At the top, the majority is long and they become the fuel to make any market crash and burn. Shorts and conspiracies do not force markets to decline; it is always the LONGS themselves. Someone whom is long sells because he cannot hold and each has a different pain threshold. The market crashes for there is no bid. It takes courage to try to catch a falling knife. Again, this applies to ALL markets.
At the bottom, the opposite unfolds for everyone will be short. They will pile on looking for $600 gold and will count their profits upon entering the trade. They become the fuel to send the market higher for it always begins with a short-cover rally; people continually try to sell each rally, looking for that new low, just as the people at the top remain convinced that a decline would follow with new highs.
So yes, the majority must always be wrong. That is how highs and lows are established. Going into the low, the vast majority of analysts will flip to bearish. Even the gold promoters will fade for nobody will listen to them again. Look, in 2011 when we warned gold would crash to under $1,000, every name in the book was hurled at us. Gold promoters refused to interview us or report the forecast.
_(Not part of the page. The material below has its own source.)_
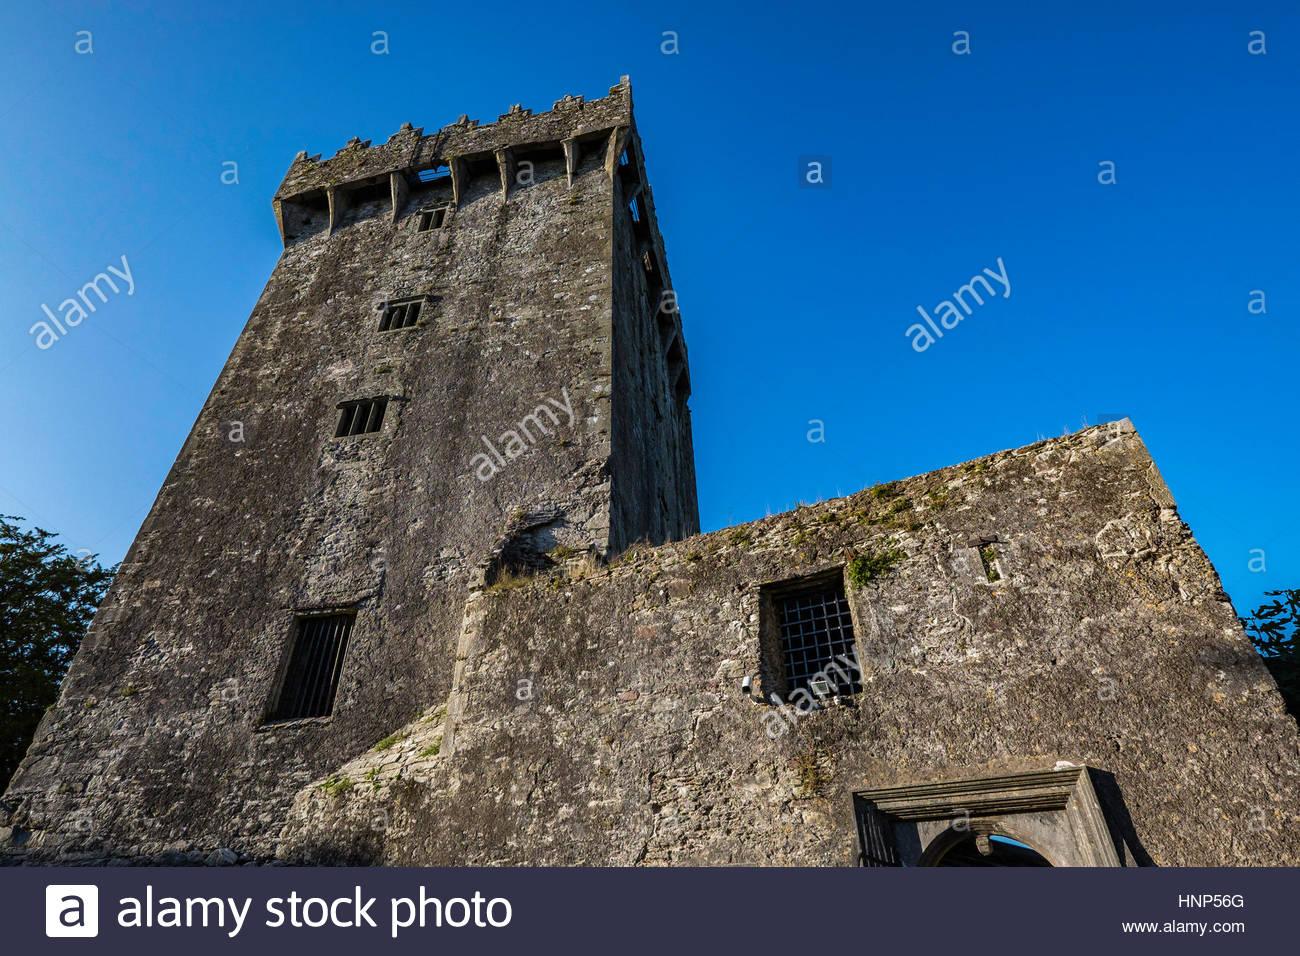 Blarney Stone, einen Block aus Karbon Kalkstein gebaut in der Festungsmauer des Blarney Castle, Blarney, Irland. Stockbild
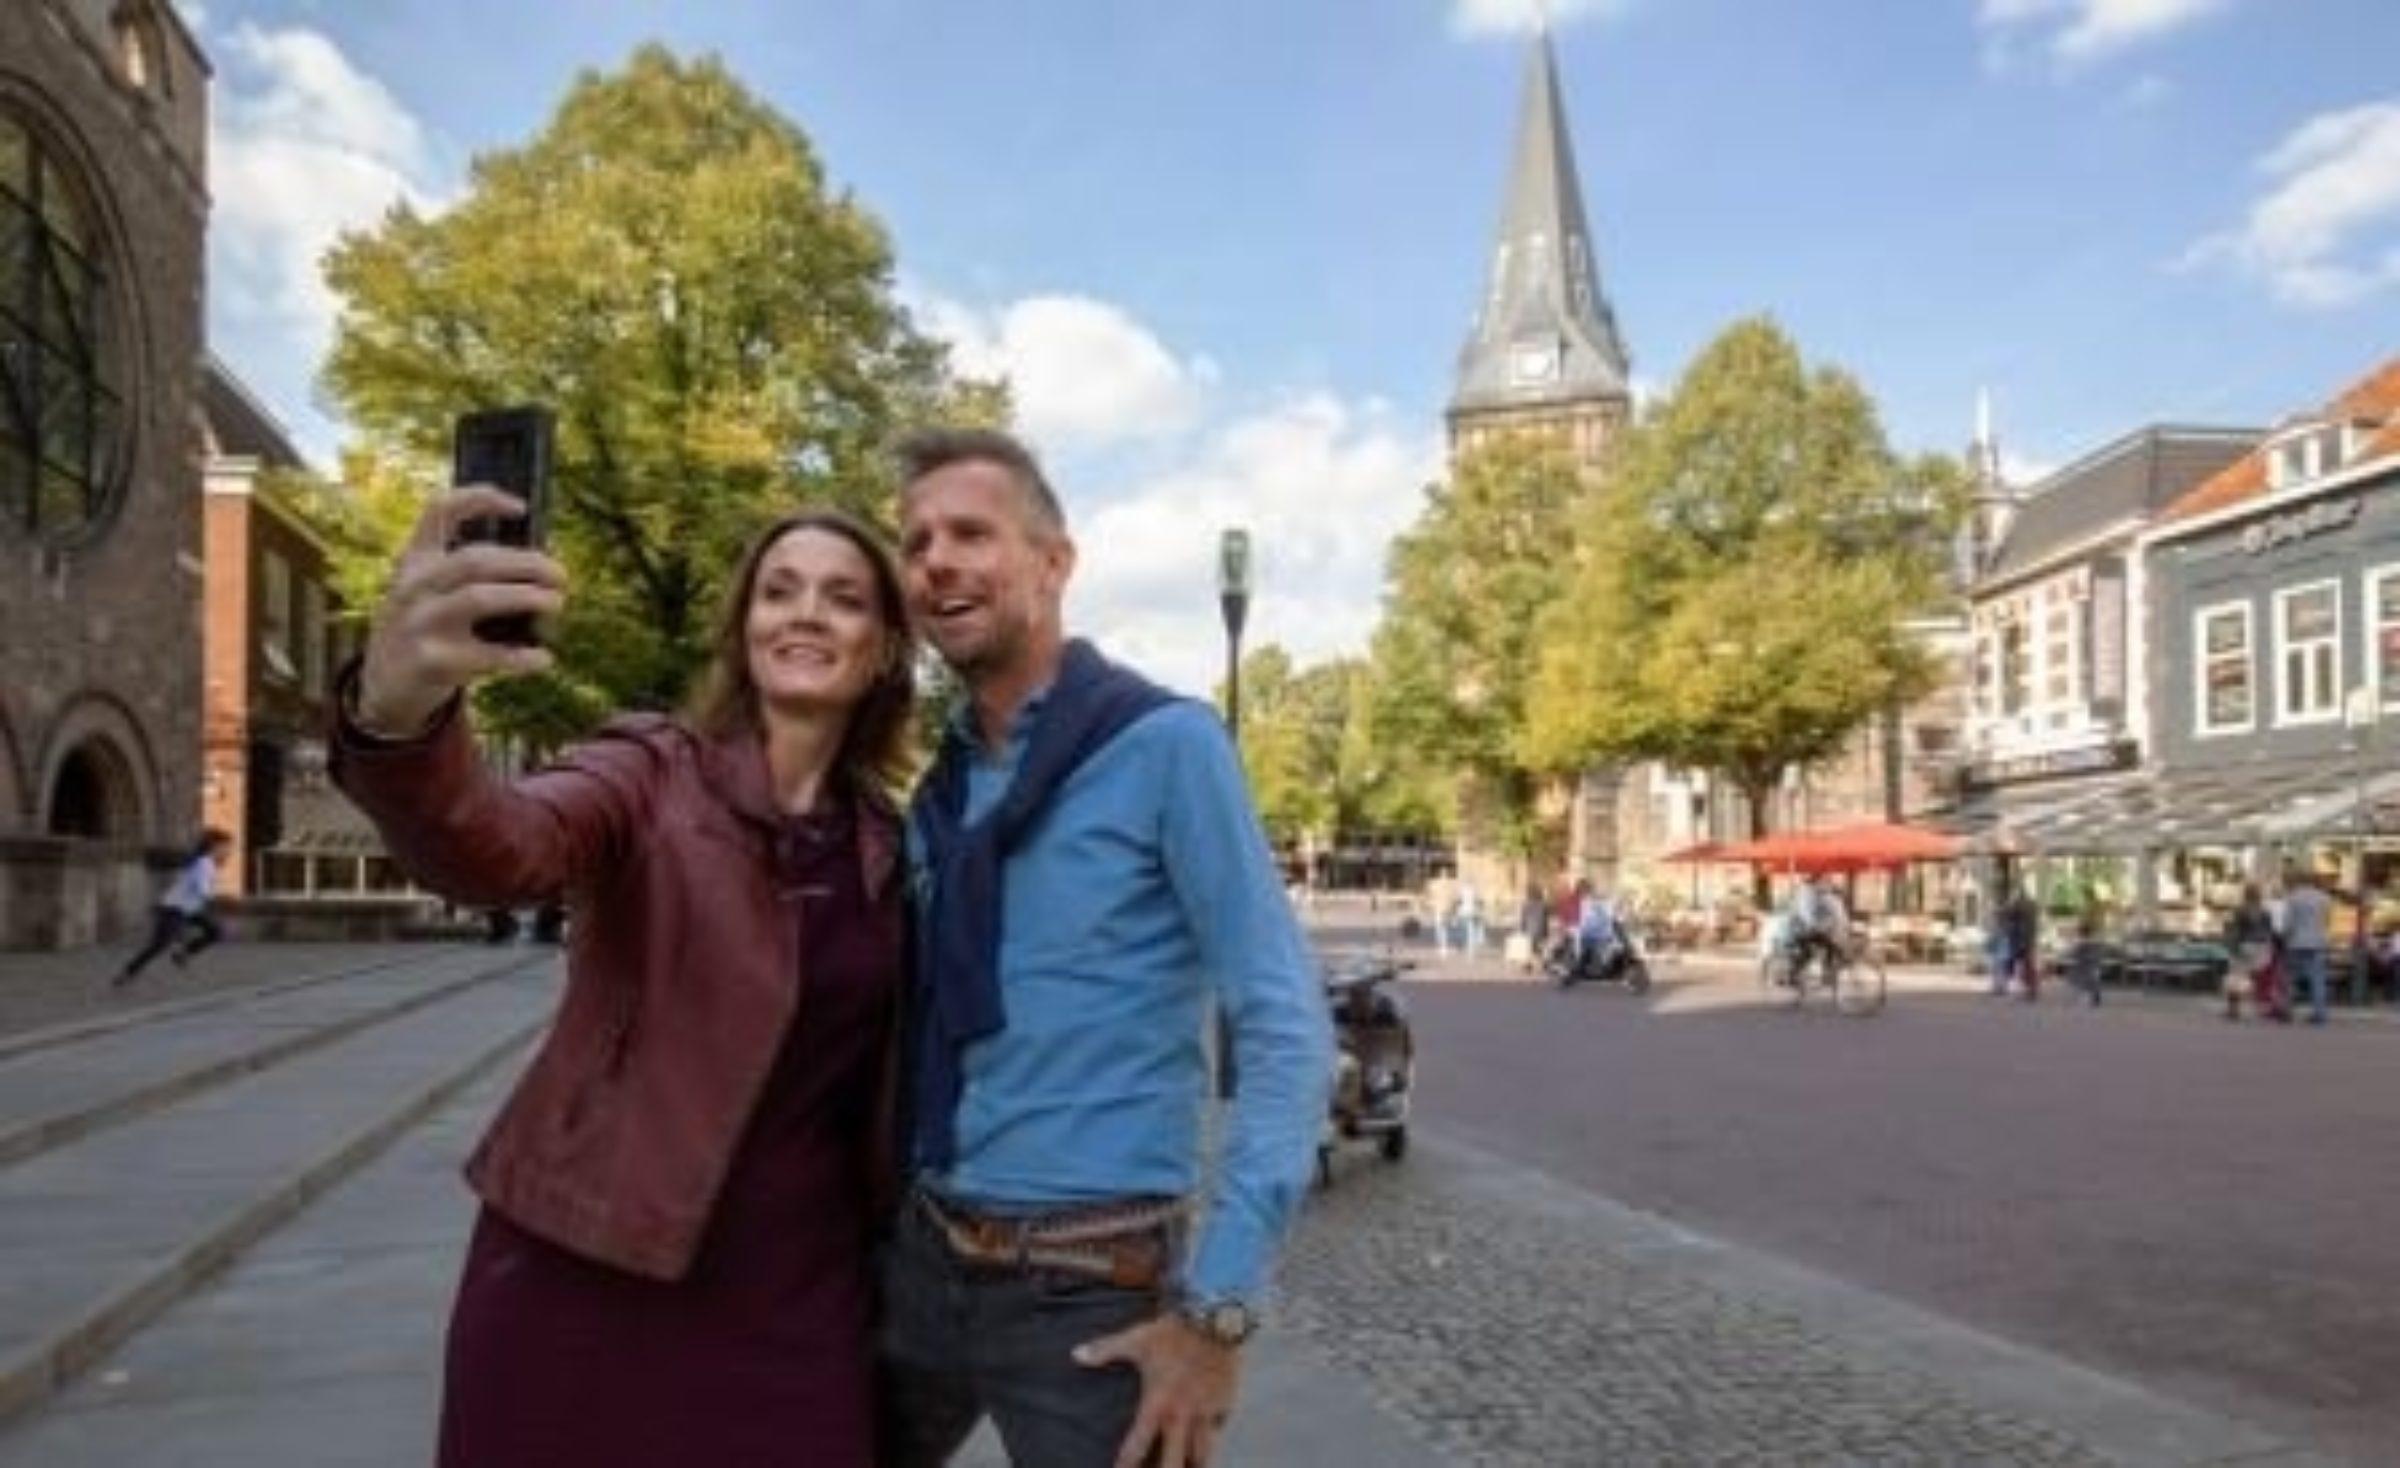 2018 40Shoot Ebo Fraterman Oude Markt Grote Kerk 3 Gecomprimeerd

Many spent hours trying to say that they were right and we would be dead wrong. It was always cast as a war against fiat. Every excuse from no gold in Fort Knox, to market manipulation by banks, to China would be a real market and make its currency backed by gold as Shanghai destroyed paper gold. The scenarios were endless, but never realistic. Not one stitch of proof exists to point to such a scenario ever taking place in history. Yet they seriously hurt the market and ruined the financial future of many innocent people who trusted them.
ONLY when the majority becomes bearish at the low do we reach that sweet spot, and it becomes time for a reversal of fortune. Then on the initial rally out of the ashes, nobody will believe it. Just look at Barron’s and how they reported our forecast back in 2011, stating that the stock market would make new highs. They did not believe that we would be correct because the majority was looking for new lows. When we predicted that the stock market would exceed the 2007 high, many laughed at us, just as they did when we predicted that the gold crash would unfold for 3 to 5 years.